Шрифт:
Интервал:
Закладка:
Он и сам в свое время испугался. Спрятался от неприглядной правды, хотя то и дело пытался доказать себе, что и без природного дара способен на многое.
Черная нить разорвалась прямо в пальцах, и Даннтиэль огласил коридор заковыристой бранью. Доигрался!
Кружево сомнительного плетения осыпалось на пол, розоватая дымка ударила в лицо. Что-то новое и весьма неожиданное: дети изнанки не носили конфетных оттенков.
Данн закашлялся, выгоняя щекотную гадость из ноздрей. Смахнул с двери ошметки чар и вгляделся в рисунок «на дне колодца».
– Только не… – изумленно закачал головой, ужасаясь коварству старика. Раньше Финиус так грязно не играл. И начал, прямо скажем, не вовремя.
Данн резко встал с корточек, сделал три шага назад, нащупал за собой подоконник, оперся. Он достаточно крепок, чтобы не поддаться наведенным чарам! Достаточно…
Нужно быть очень наивным, чтобы верить, что королевский мастер Даннтиэль Рэдхэйвен вляпается в такую глупую ловушку. Что не сможет одним щелчком пальцев стряхнуть с себя грязное проклятие…
Он потер лоб, покрывшийся испариной. Одним… щелчком…
Эйвелин. Эй-ве-лин…
Зеленые глаза встали перед ним как наяву и поплыли в воздухе, служа ориентиром. Маяком в ночи.
Как же она ему нужна. Прямо сейчас. Вся, до варховых белых пяточек.
Он не станет больше ждать. Зачем, если и так все понятно? Она ведь тает в его ладонях, замирая непуганой лесной зверюшкой в руках охотника. Настороженно, но в предвкушении…
Он почти приручил свою колючку. Так сладко пахнущую, так вкусно жмущуюся к нему ночами и так забавно шарахающуюся от него по утрам. Данн ощущал каждой порой, что в ней бурлят те же самые желания, что и в нем. Сейчас особенно явственно.
Сейчас он знал, что Эйвелин ждет его в спальне. И, отбросив сомнения, стремительно зашагал вперед, за уводящими во тьму зелеными глазами.
***
Эйвелин
Я вошла в нашу пустую спальню и с любопытством покосилась на Рисскину постель. Интересно, где она так задерживается? И куда ее завело свидание с загадочным кавалером?

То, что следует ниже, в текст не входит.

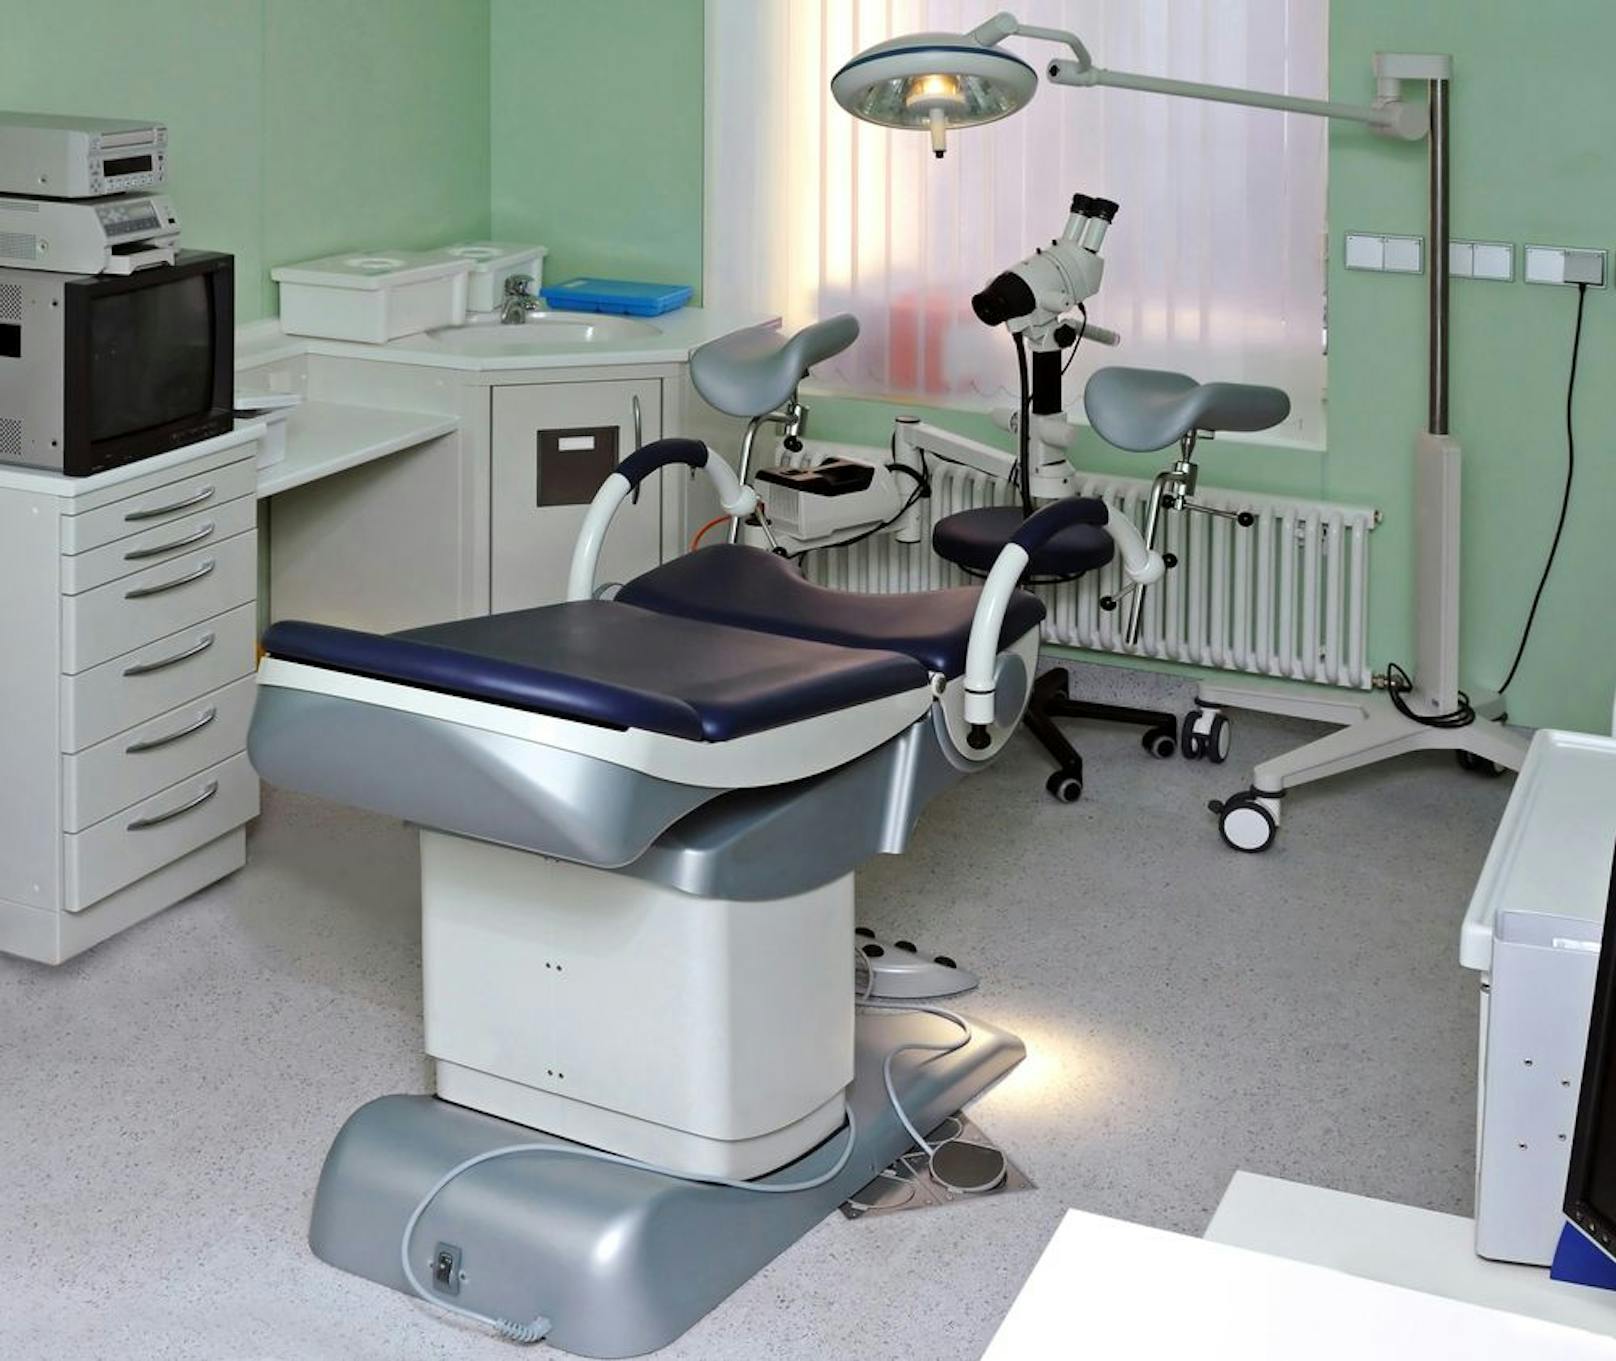 Tirol verbietet weiterhin Abtreibungen im Krankenhaus

Переодеваться было лень, так что я забралась на подоконник прямо в бальном платье, прихватив подмышкой потрепанного сира Милезингера. Уверена, я самая нарядная и хорошо пахнущая компания, что у него была за последние пару сотен лет.

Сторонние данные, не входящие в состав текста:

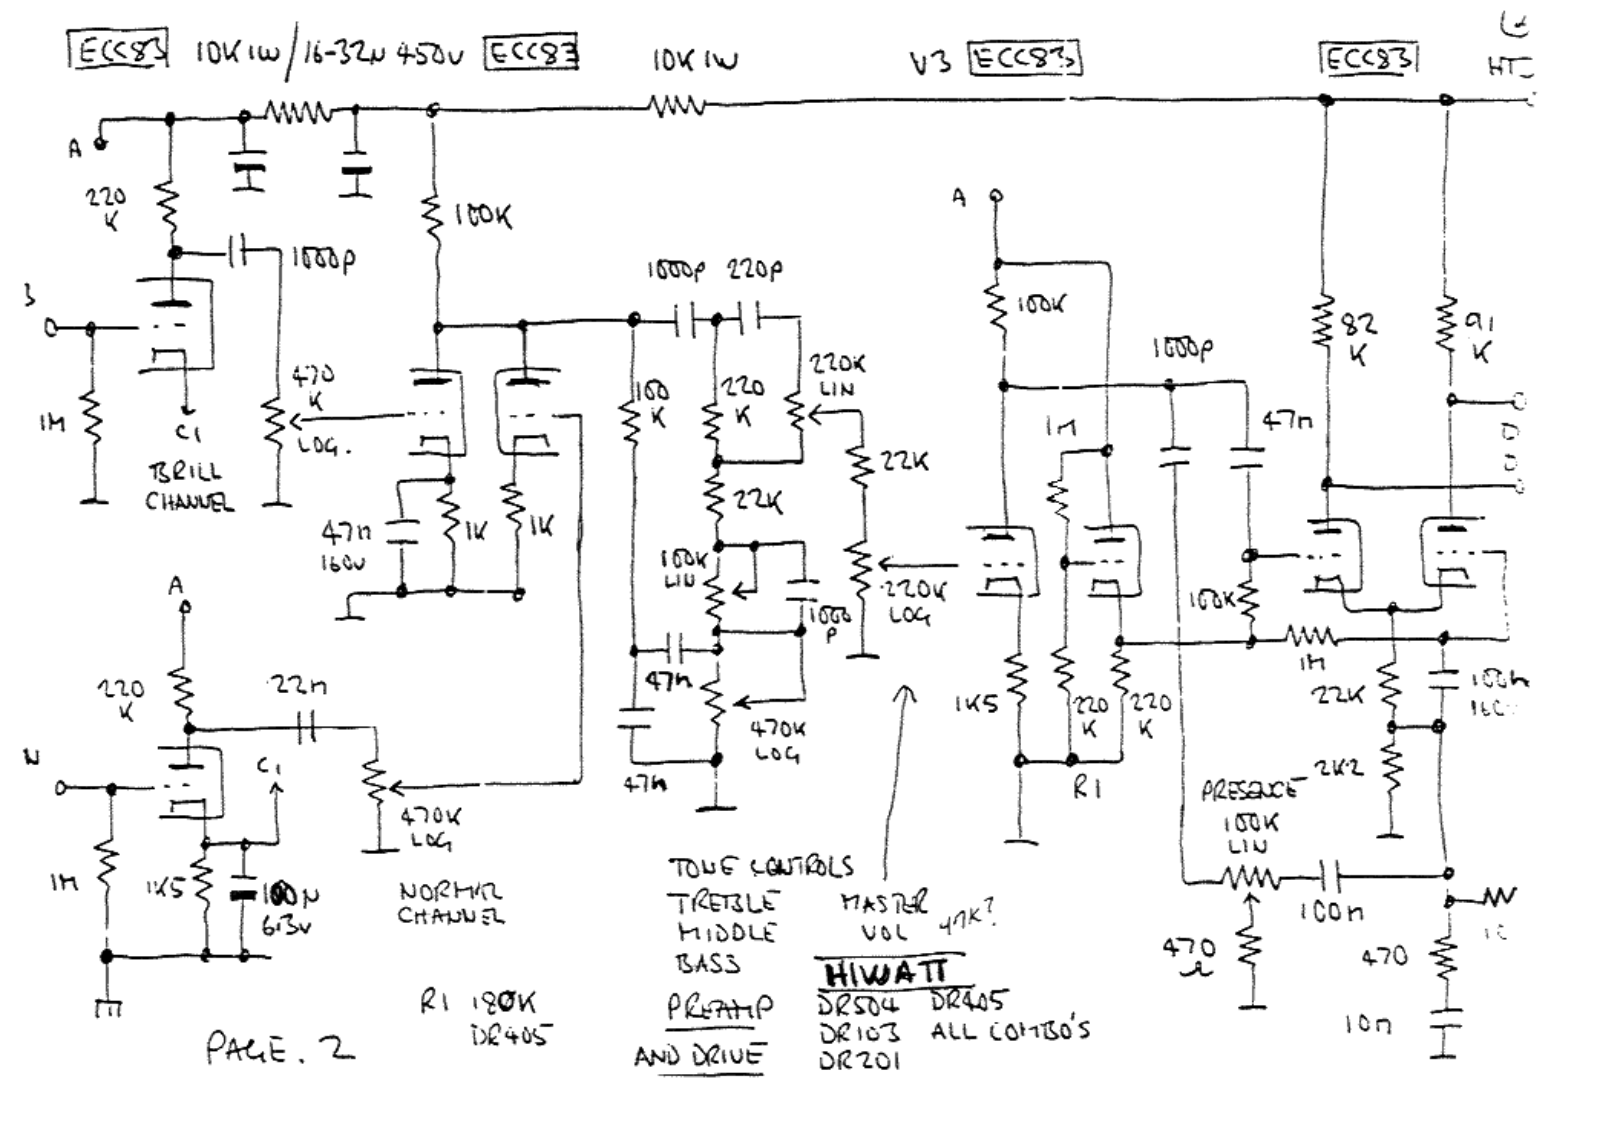 Hiwatt dr504 schematic

Не знаю, сколько я так просидела, скользя пустым взглядом по страницам. Вчитываться не получалось. В голову лезли слова о кандалах, о свободе, о желании Рэдхэйвена меня куда-то там увезти…
Вырвал из тягучих, путанных мыслей стук в дверь. Такой… собственнический. От каждого «бабаха» веяло моим личным рабовладельцем.

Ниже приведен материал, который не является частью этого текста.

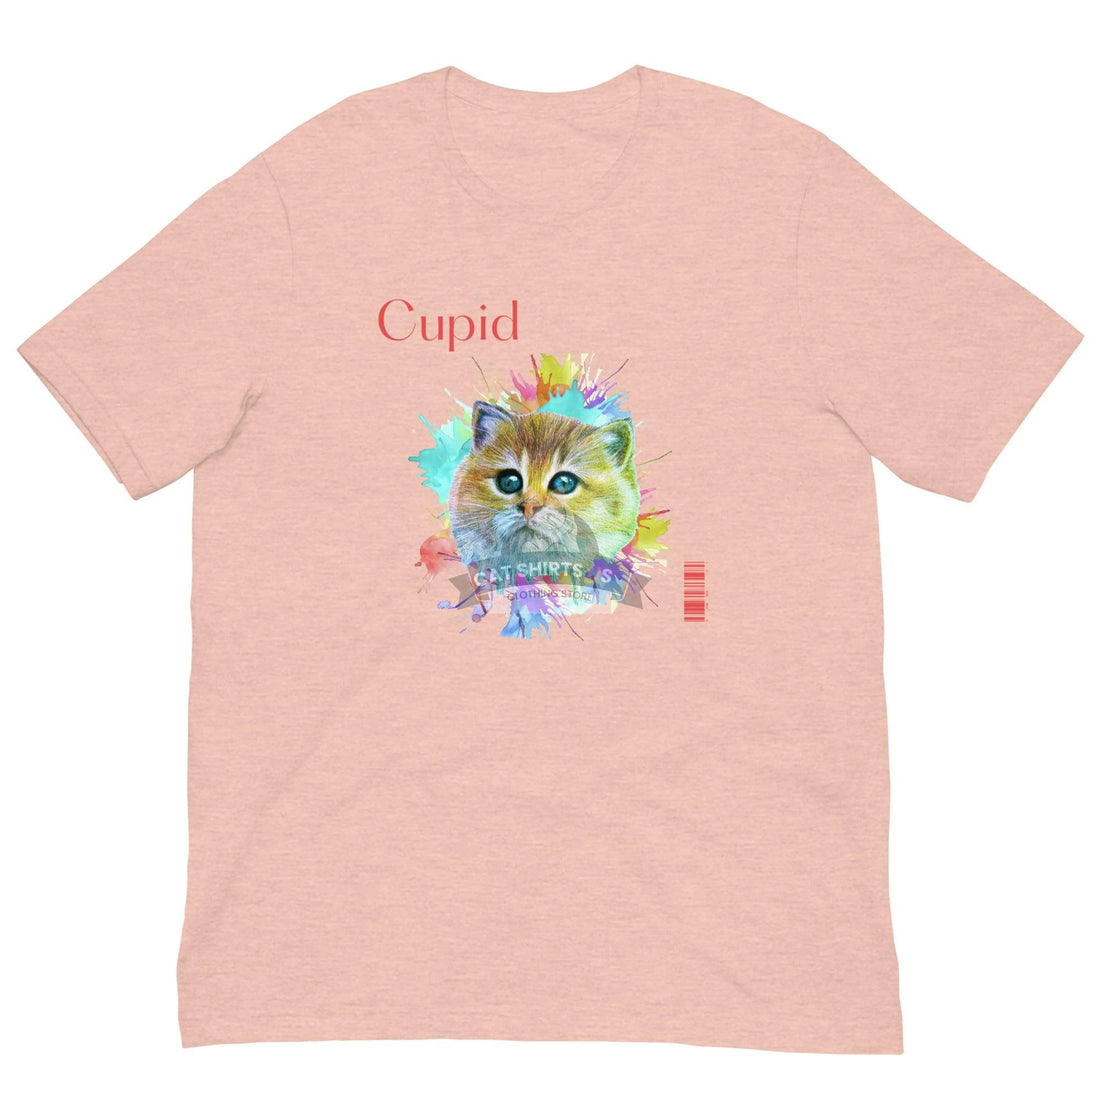 Cupid Cat Shirt - Cat Shirts USA

И как я так некстати оказалась в комнате одна? Обычно в это время Рисска штудирует свою «Теологию», а Галлатея сортирует поклонников и безделушки из шкатулки. Или Рисса вздыхает, глядя в окно, а Тейка тренирует свое непокорное ледяное плетение. Потом мы шутим, обмениваемся сплетнями, убеждаем Фиджа не грызть хвост высокомерной каффы…
Но сейчас не было ни сплетен, ни безделушек, ни каффы. Последняя утопала вместе с хозяйкой в библиотеку для моральной поддержки.
Невероятное совпадение! И ломящийся сюда Рэдхэйвен будто знал об этом. Не сам ли приложил сюда загорелую лапу?
Заталкивая поглубже неуместный сердечный трепет, я подошла к двери и дернула ручку.
– Вы разобрались с последним проклятием? – осторожно высунула нос в дверную щель.
– Или оно… разобралось со мной… – глубокомысленно выдохнул, пошатнувшись, Рэдхэйвен.
Похоже, последняя дверь выпила из него все соки. И плотью закусила. На нем в прямом смысле не было лица – сплошная черно-серая клякса.
– Вы на ногах не стоите, – я распахнула дверь шире, впуская рабовладельца в пустую спальню. – Вам бы к Граймсу. И подлечиться.
– Если только нетрадиционным методом. И без участия Граймса, – он резво дернул меня к себе, захлопывая дверь.
Матерь гхаррова!
– Даннтиэль…
– «Данн», – поправил требовательно.
– Да, ладно… Данн, – просипела, чувствуя кожей перемещения его пальцев по моим ребрам. Он с упоением отмечался на каждом, пробираясь вверх по корсажу праздничного платья. – Вы зачем… сюда…
– «Ты», – опять настойчиво перебил меня.
– Ты зачем… сюда?..
– А куда мне еще идти? – взгляд, полный самой черной мути, что я когда-либо видела, сверкал желаниями. Самыми разнообразными. – Как не к своей невесте?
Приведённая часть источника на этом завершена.